Studies in animal models have suggested that inducing controlled, localized apoptosis of synoviocytes could be an effective strategy for ameliorating joint inflammation and damage in patients with rheumatoid arthritis (RA). However, identification of agents capable of achieving this aim safely has proved challenging. In a study published in Arthritis & Rheumatism, Scatizzi and colleagues report promising findings for just such an apoptosis-promoting agent.

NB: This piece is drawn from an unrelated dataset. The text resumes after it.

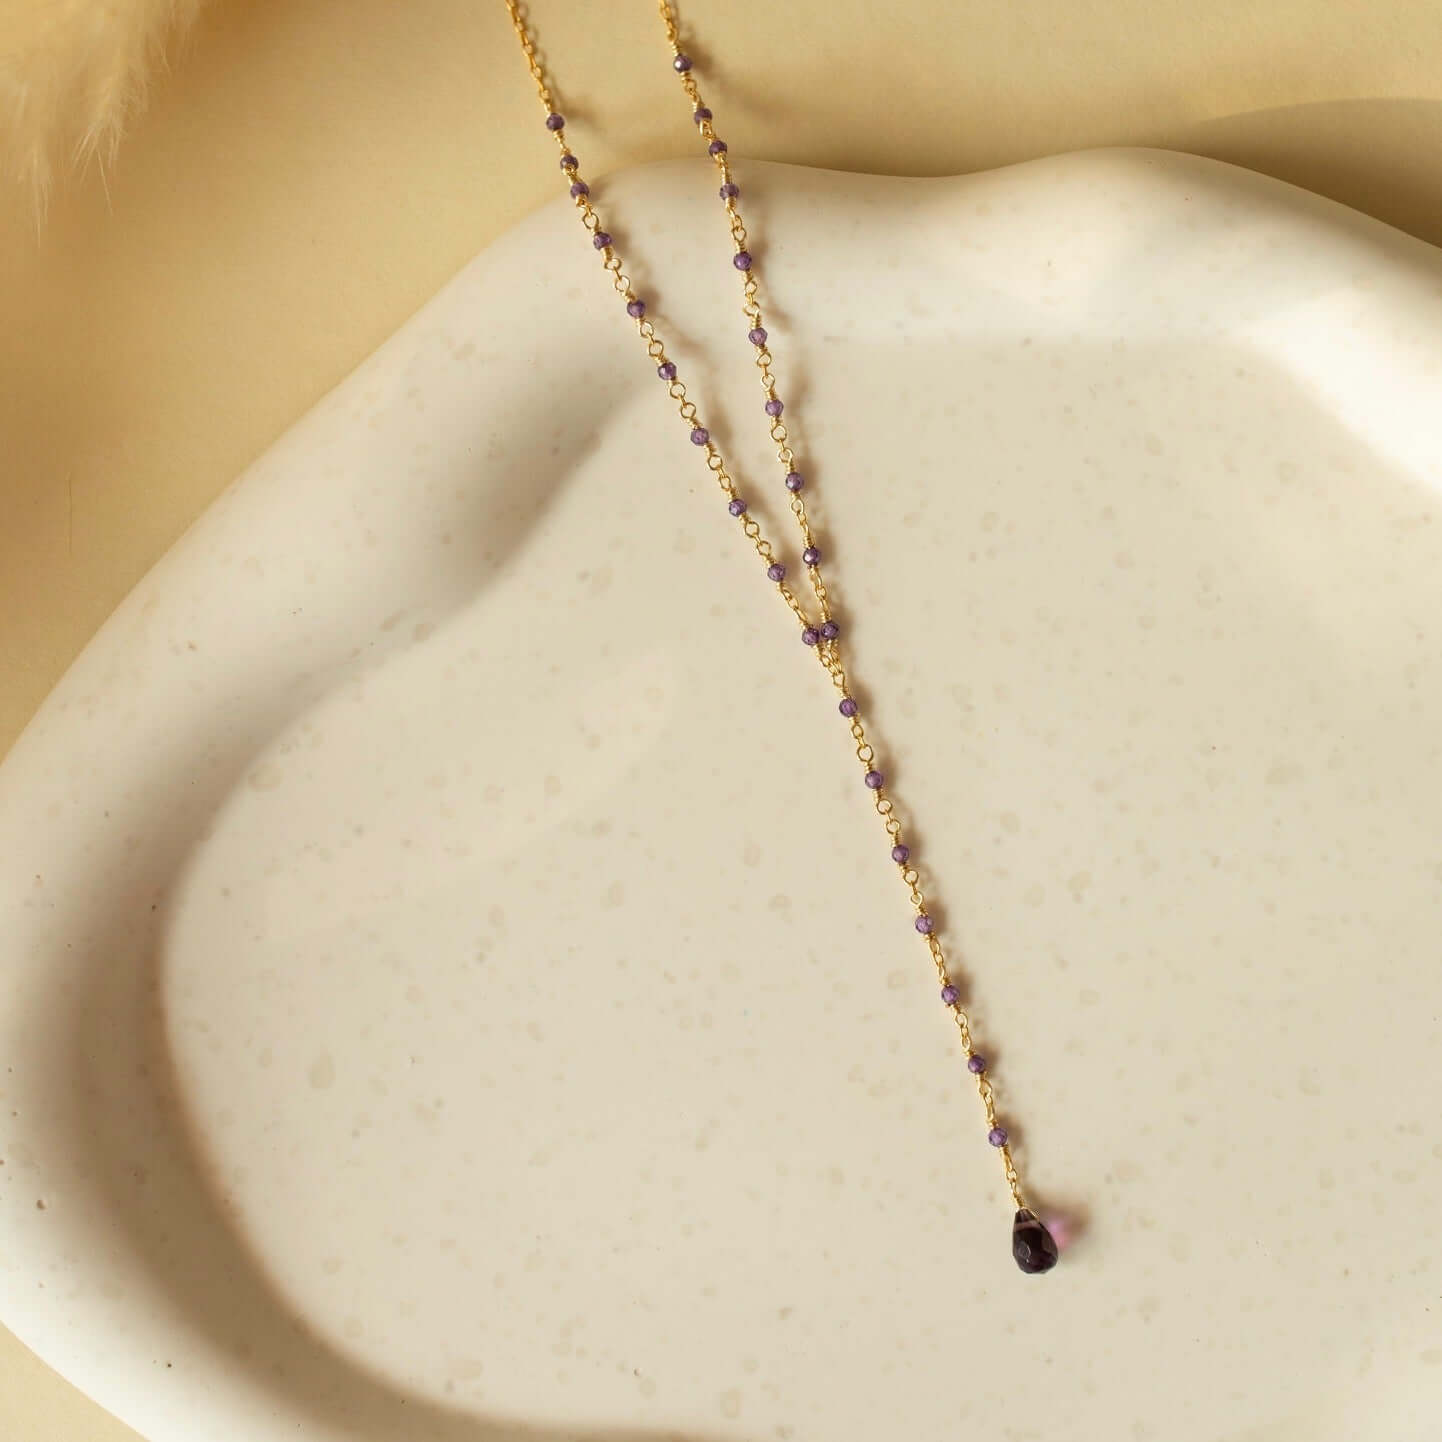 Laid-back amethyst necklace on clay—a touch of deep purple elegance and natural simplicity.

The Bcl-2 family of proteins contains both antiapoptotic and proapoptotic members, which possess at least one of four functionally important Bcl-2 homology domains (BH1–4). Bim (also known as Bcl-2-like protein 11), a proapoptotic Bcl-2-family protein that contains only the BH3 domain, has been studied previously as a potential therapeutic target in cancer. In the current study, its role in RA was investigated using a range of in vitro and in vivo techniques.

Bim expression was decreased in macrophages from synovial tissue samples from RA patients. It also seemed to have a role in limiting macrophage activation, as demonstrated by the finding that macrophages isolated from Bim−/− mice expressed increased levels of inflammatory markers and interleukin-1β following stimulation with lipopolysaccharide.

The therapeutic potential of an engineered BH3-mimetic peptide (TAT–BH3) was tested in the K/BxN serum-transfer mouse model of experimental arthritis. Mice that received intraperitoneal injections of TAT–BH3 showed ameliorated arthritis development and increased apoptosis of myeloid cells in arthritic joints compared with control mice.

The authors conclude that Bim–BH3-mimetic agents might have therapeutic value in RA and other autoimmune diseases that are characterized by a failure to remove autoreactive cells.